Bir kardeşimizin 10 Şubat tarihli mailiyle ilgili olarak müsadenizle ben de bir şeyler söylemek istiyorum










Vahdet-i vucut felsefede panteizm olarak adlandırılan ve Allah ile evrenin özdeş olduğunu savunan görüşün yorumundan ortaya çıkmıştır. Vahdeti vucudu savunanlar Allah'ın evrende göründüğünü ama görünüş ile bir ve aynı şey olamadığını ileri sürdüler. Evrenle Allah'ın bir olduğunu öne süren görüşe ise vahdeti mevcut (varolanların birliği) adı verildi. Bu iki kavram genellikle birbirine karıştırılır. İslam dinine göre Allah ile evreni özdeş olarak kabul etmek olanaksızdır. Çünkü İslam dinine göre Allah evreni yaratmıştır, evrenden ayrı ve bağımsızdır. Vahdet-i vucudu savunanlar genellikle tüm varlıkların Allah'dan bir parça olduğunu düşünürler ve Kuran'la açmaza düşerler. Sayın Demirhan kardeşimizin sorularından anladığım kadarıyla kadar o da bu açmazın farkına varmıştır. Çünkü Kuran'da cennet ve cehennem haktır ve mutlaka sonsuza kadar var olacaktır. Eğer bütün varlıklar Allah'tan bir parçaysa Allah kendi parçasını cehennemde cezalandırmak suretiyle kendisiyle çelişkiye düşmüş olur ki bunu kabul etmek olanaksızdır.
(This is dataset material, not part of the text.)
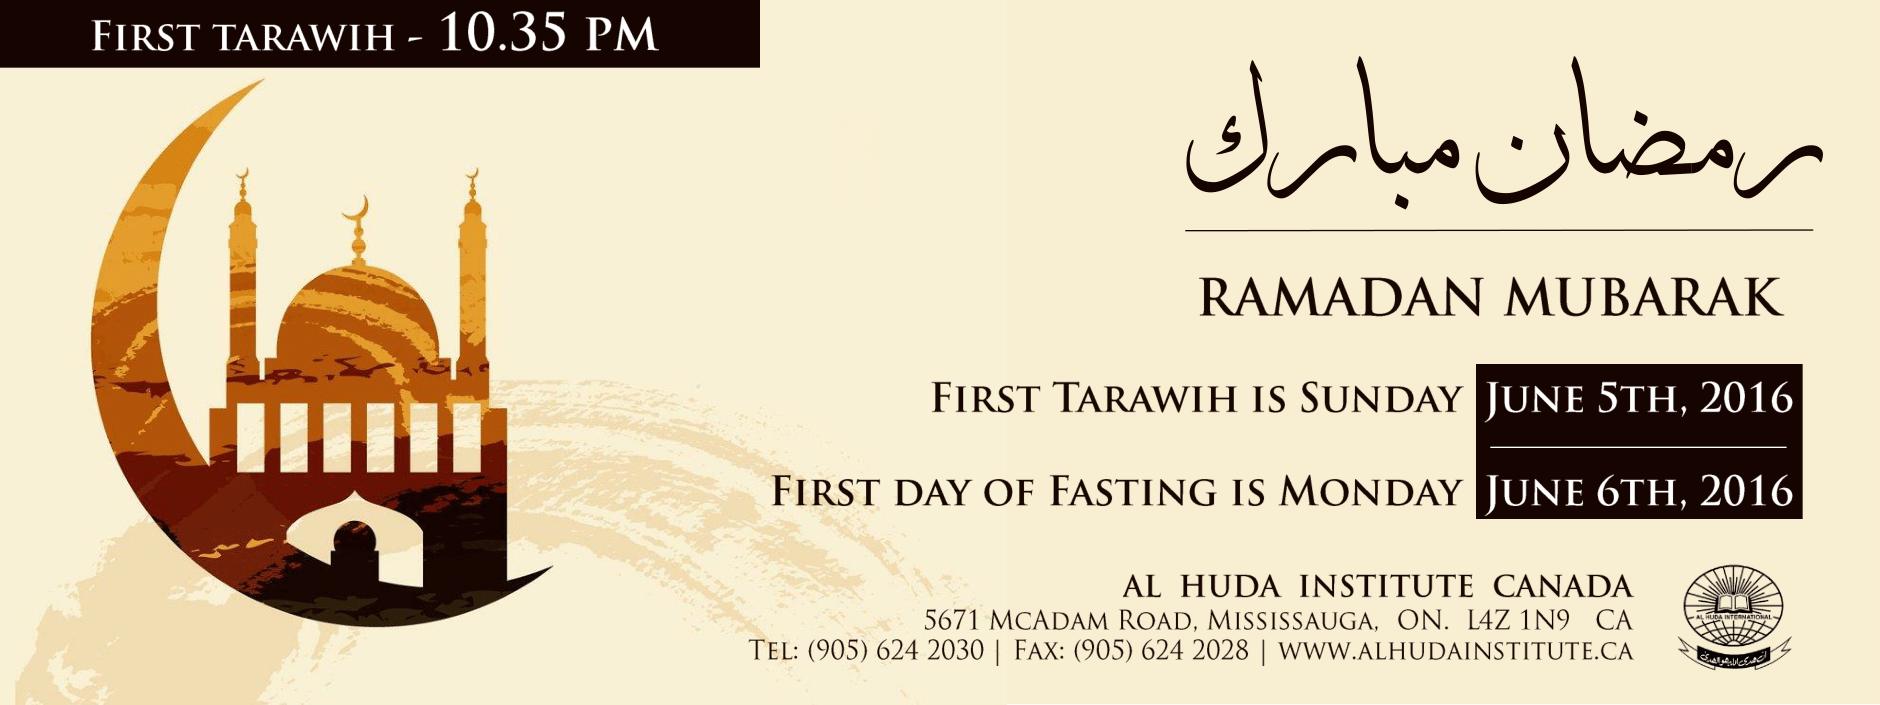 ramadan mubarak-1

Eğer İslamiyete inanıyorsak elimizdeki tek sağlam ve güvenilir kaynak Kuran'dır. Dolayısıyla bütün düşüncelerimizin Kuran ile uyum içersinde olması gerekir. Kuran'ın özü olan İhlas suresi aslında İslam'ın bütün felsefesini içinde





barındırır. İhlas suresine göre Allah birdir, doğmamıştır, doğurmamıştır, hiç bir şeye muhtaç değildir ve hiç bir şey Allah'a benzemez. Hiç bir varlık Allah'ı kavrayamaz.Tüm kainatın efendisi Hazreti Muhammed bile Allahım seni hakkıyla anlayamadım demiştir. Dolayısıyla bizim işimiz ululuk değil kulluktur. Sadece kulluğumuzu bilmekle ve yapmakla mükellefiz.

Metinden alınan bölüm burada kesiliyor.